In 2016, Germany returned at least 3,440 Afghan refugees, the highest rate of any European Union member state.
Sidiqi, the refugee aid worker in Germany, said the unexpected success of the right-wing Alternative for Germany (AfD) party in last month’s federal election, will only make matters worse for Afghan refugees.
For the first time since its founding in 2013, the AfD, which secured 13 percent of the vote in the September 24 polls, will have seats in the Bundestag, the German legislature. The party came to prominence on a largely anti-refugee platform.
“It’s more or less about domestic politics here in Germany, and now with the AfD in parliament and the interior minister’s anti-refugee stances, Afghans will become the easiest targets of any sort of anti-refugee policies,” said Sidiqi.

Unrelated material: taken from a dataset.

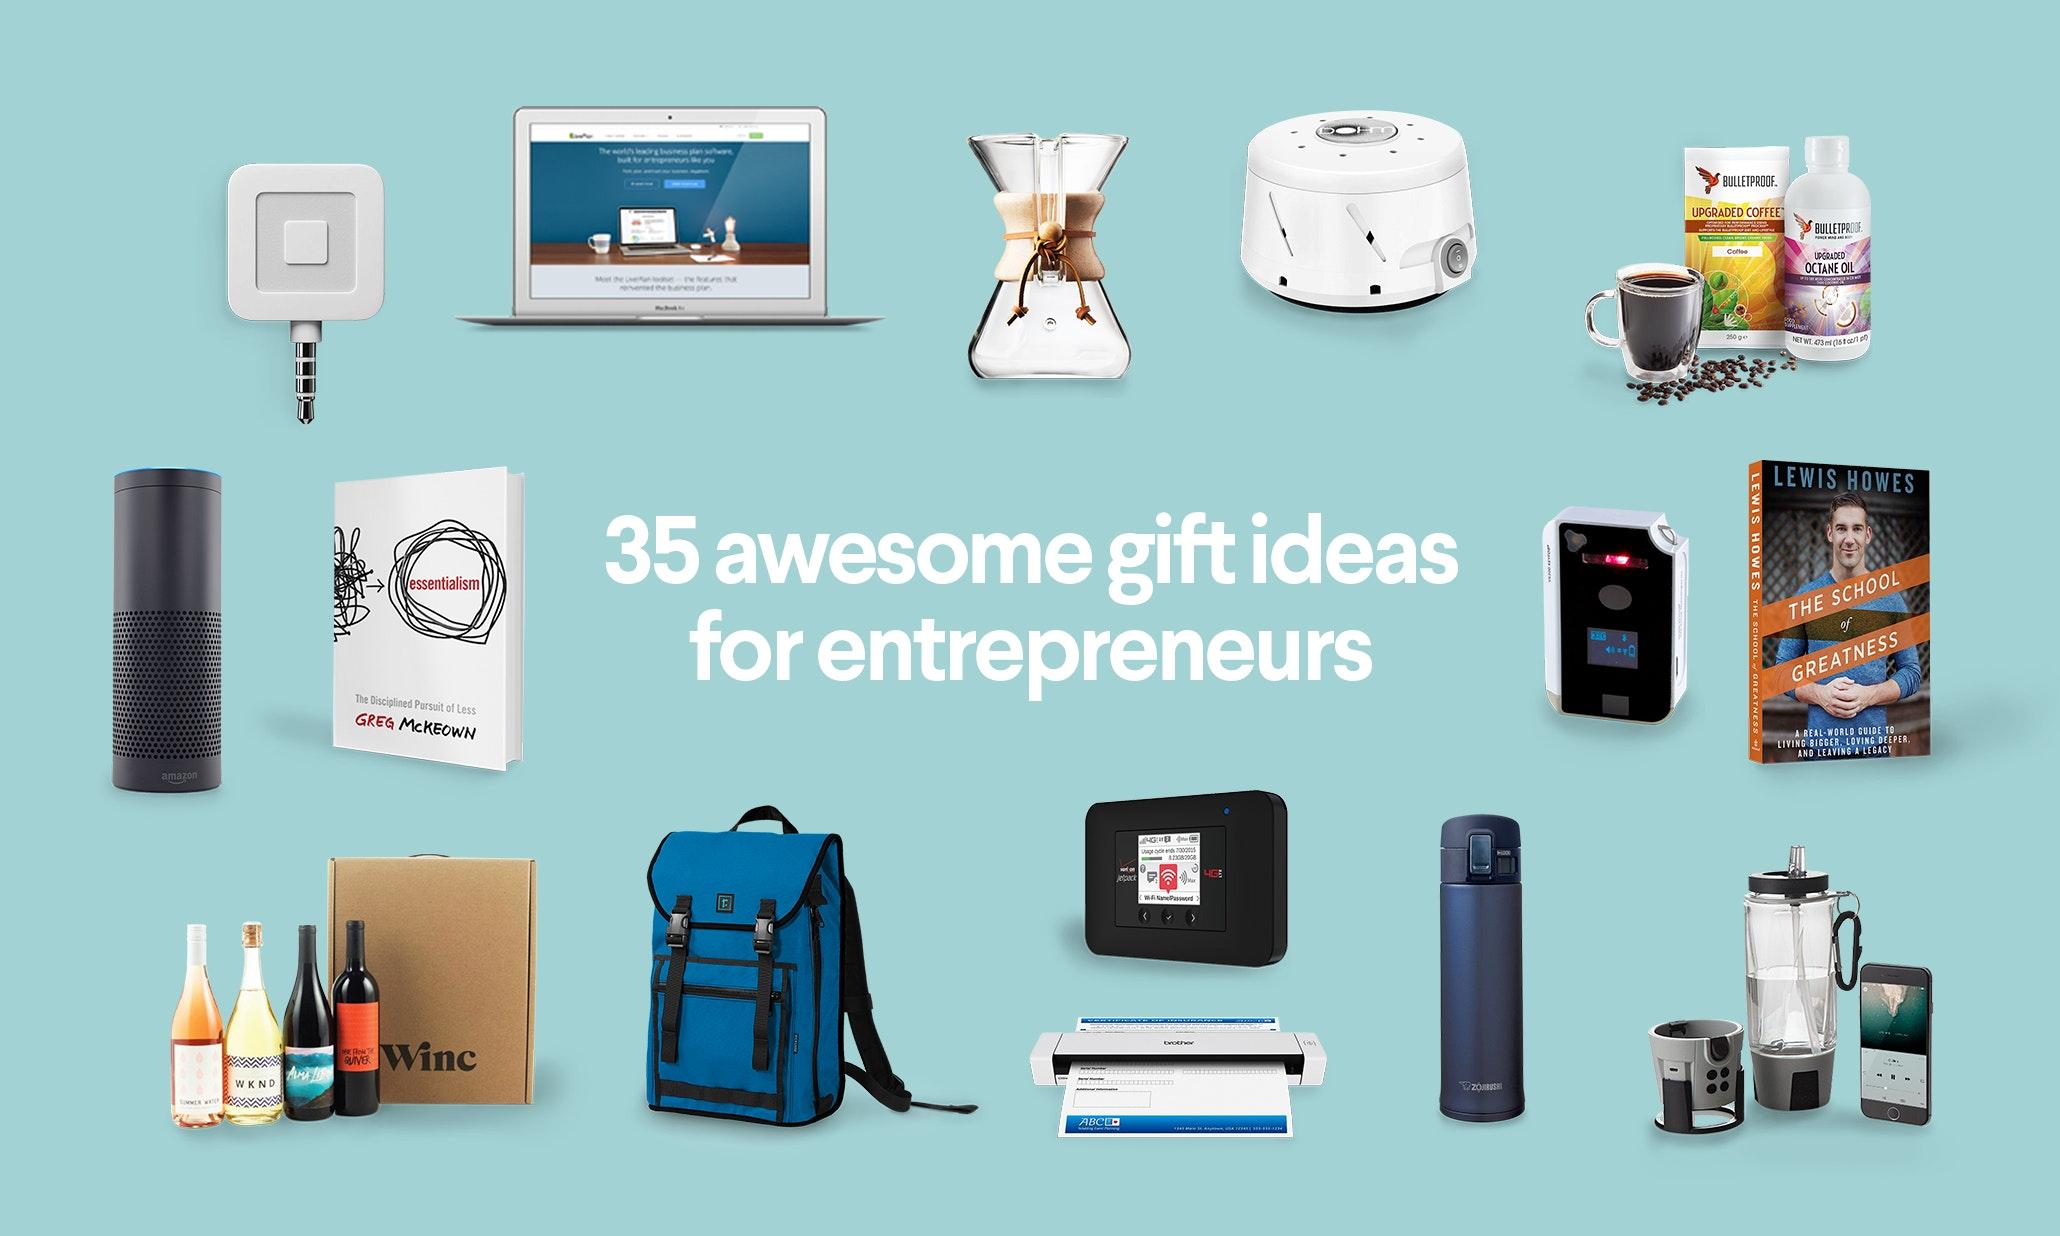 Guy Best Friend CND New Job  Promotion Entrepreneur Gift Idea For Him Funny Accomplishment Gift Starting A Business Men Gift
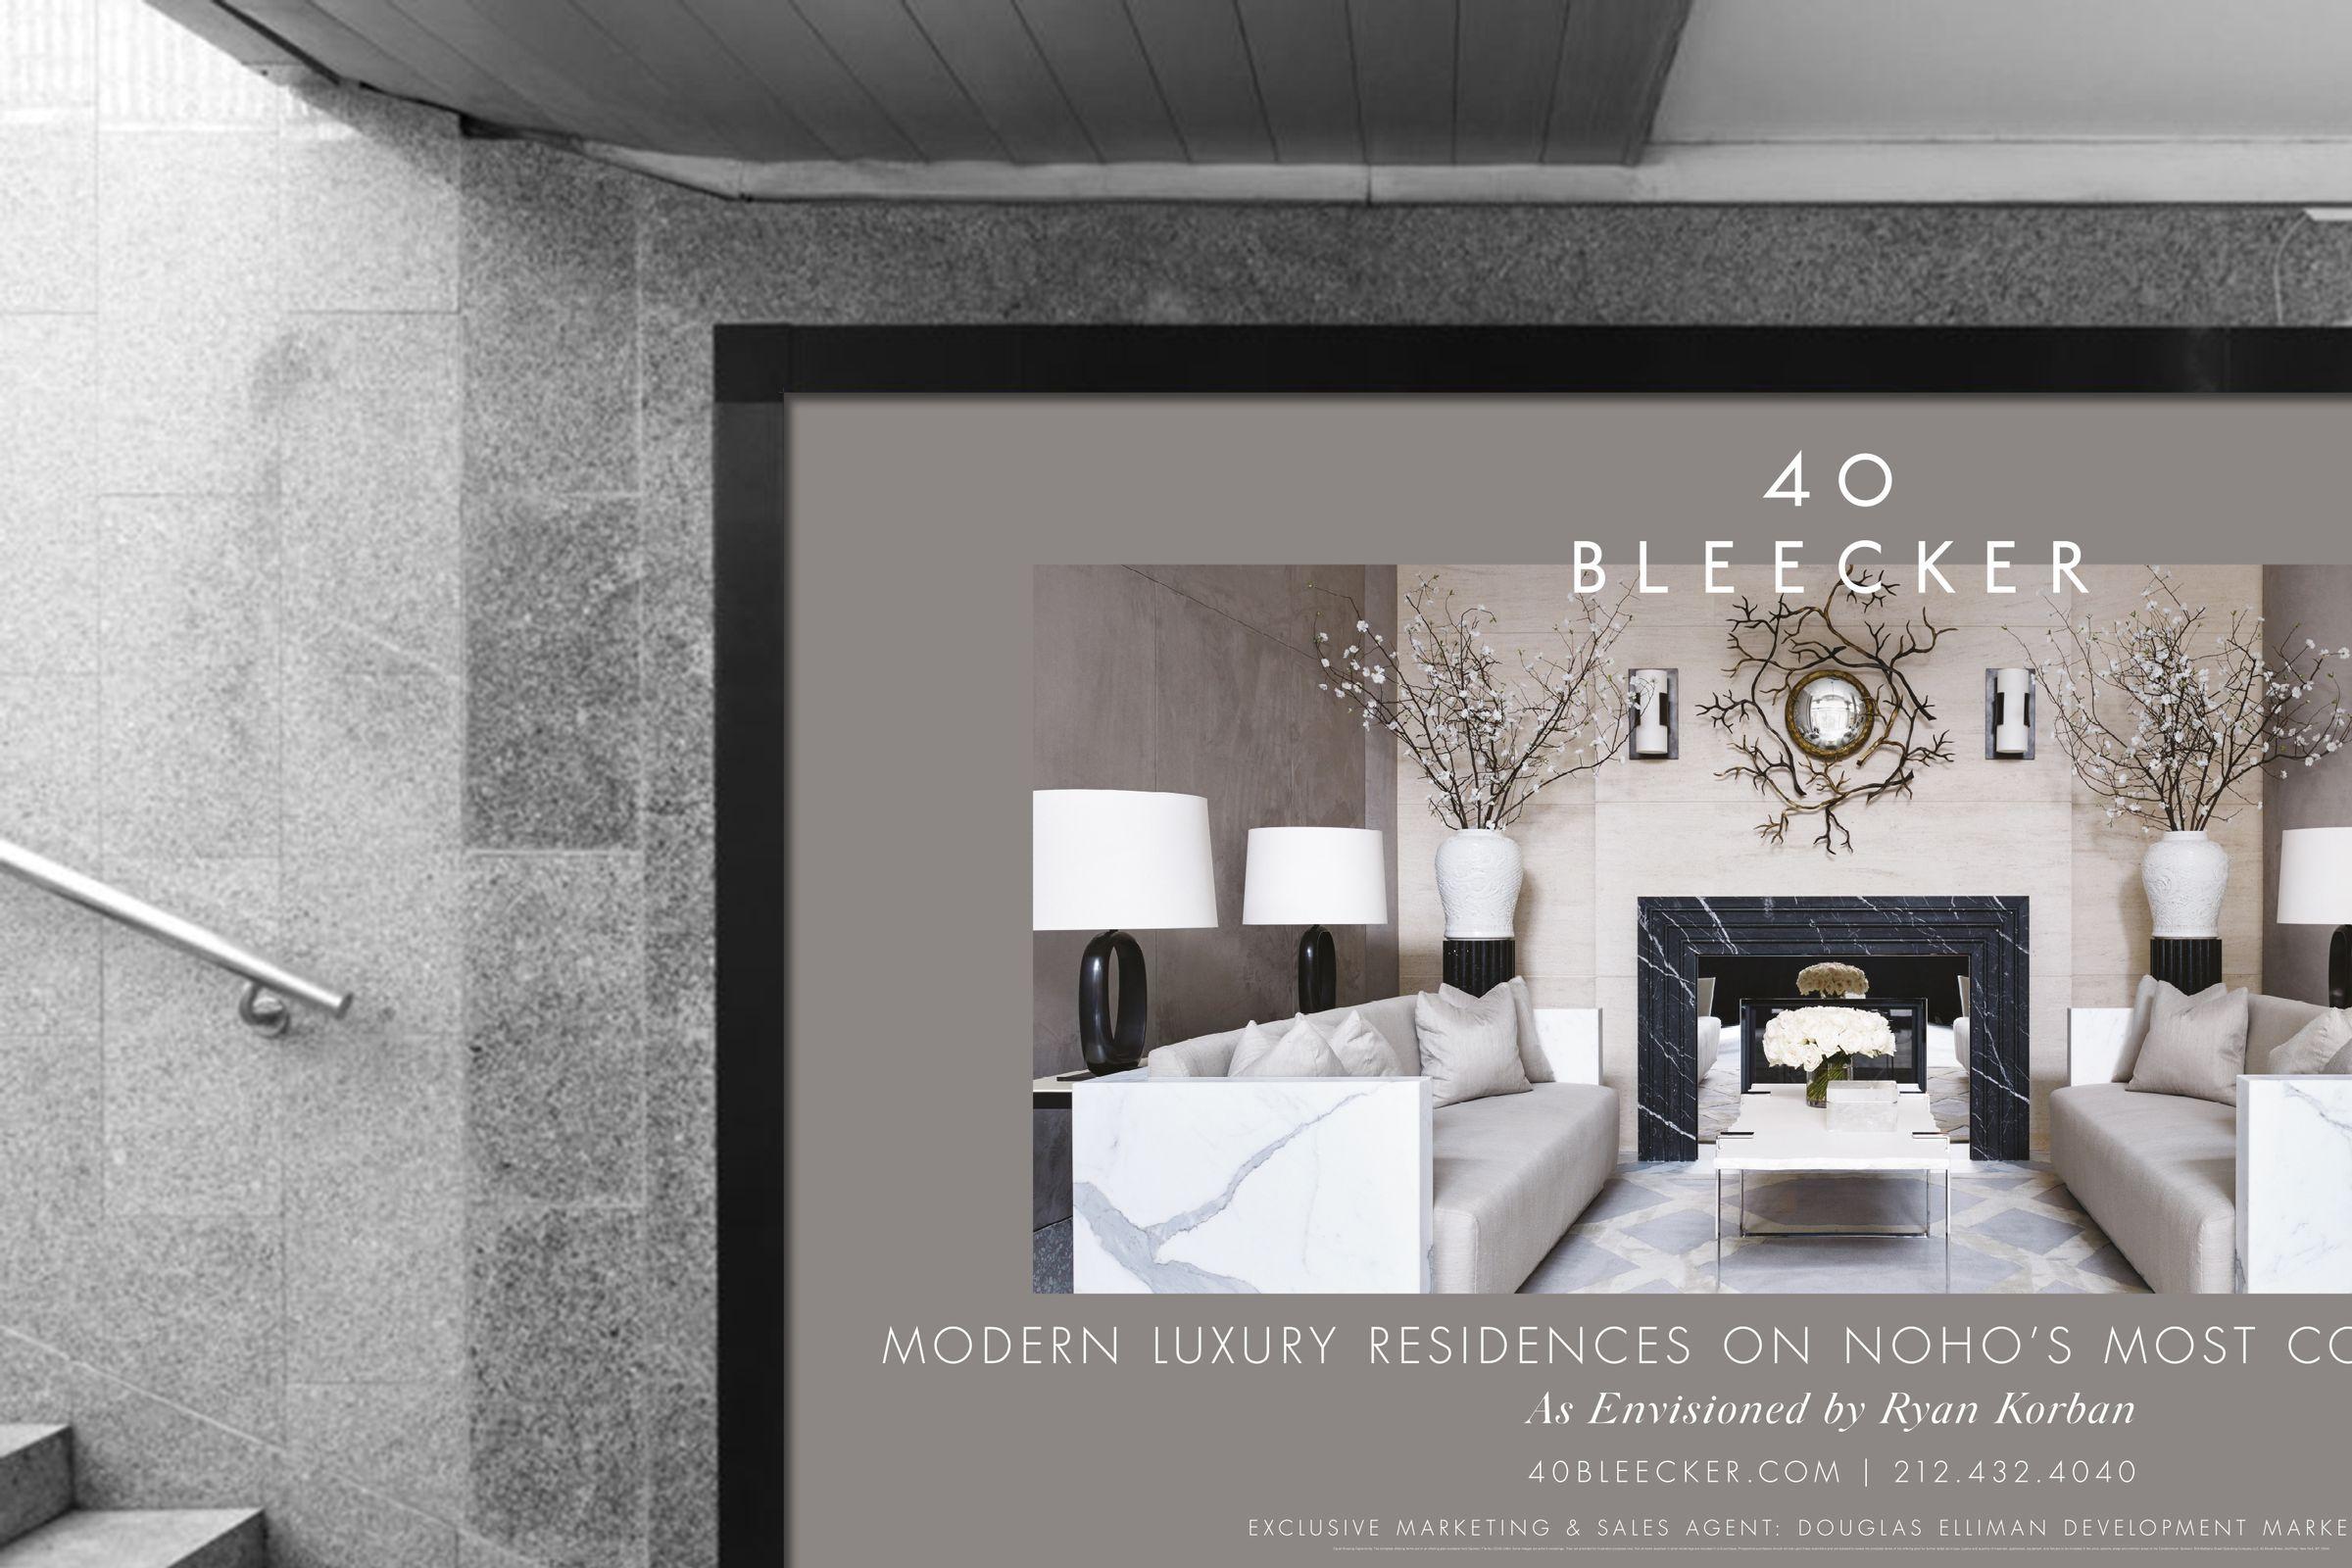 40 Bleecker billboard design

As for the “assisted voluntary returns,” which can see families being given up to 10,700 euros for their willing return to Afghanistan, Sidiqi, as well as refugees in Istanbul and Athens that have spoken to ThinkProgress over the years, all say that they are far from voluntary.
Instead, they point to conditions on the ground in several of the countries as the leading to factor to such returns.
In Greece, often the first EU nation to receive Afghan and other refugees, Afghan refugees say they are relegated to living in camps on the outskirts of Athens. With Greece’s neighboring states having closed their borders last March, thousands of Afghan refugees have been forced to live in these camps for months at a time. These camps often lack access to proper health care, education for their children, clean living spaces, privacy, and leave refugee families susceptible to attack both by fascist groups and others in the camps.
Similarly, in Serbia, Afghan refugees are forced to live in makeshift camps, often in the squalor of abandoned buildings and military facilities outside Belgrade.
In Germany, said Sidiqi, Afghans face several layers of discrimination, which he said is part of “a psychological campaign to get Afghans to leave at any cost.” This discrimination, said Sidiqi, ranges from lack of proper attention to the asylum cases of Afghan refugees to the refusal of German authorities to allow Afghans to take German-language courses, a right which is afforded to Syrian and Iraqi refugees.
Omar Waraich, Deputy Director for South Asia research at Amnesty International, said that the returns are anything but voluntary. As many Afghans have sold nearly everything they own to pay for the journey to Europe, Mosadiq said Afghan refugees are often strong-armed into accepting the financial incentives offered by the EU member states.
“As far as Amnesty International is concerned, these terms are not voluntary and are in fact in violation of international law,” Waraich said at a Kabul press conference.
Horia Mosadiq, Amnesty’s Afghanistan researcher, said the Kabul government must accept that they are in no way obligated to cooperate with the deportation of Afghan refugees who have faced tremendous obstacles and made it to Europe.
“We want the Afghan government to stop cooperating immediately,” said Mosadiq. “No Afghan should be returned to Afghanistan.”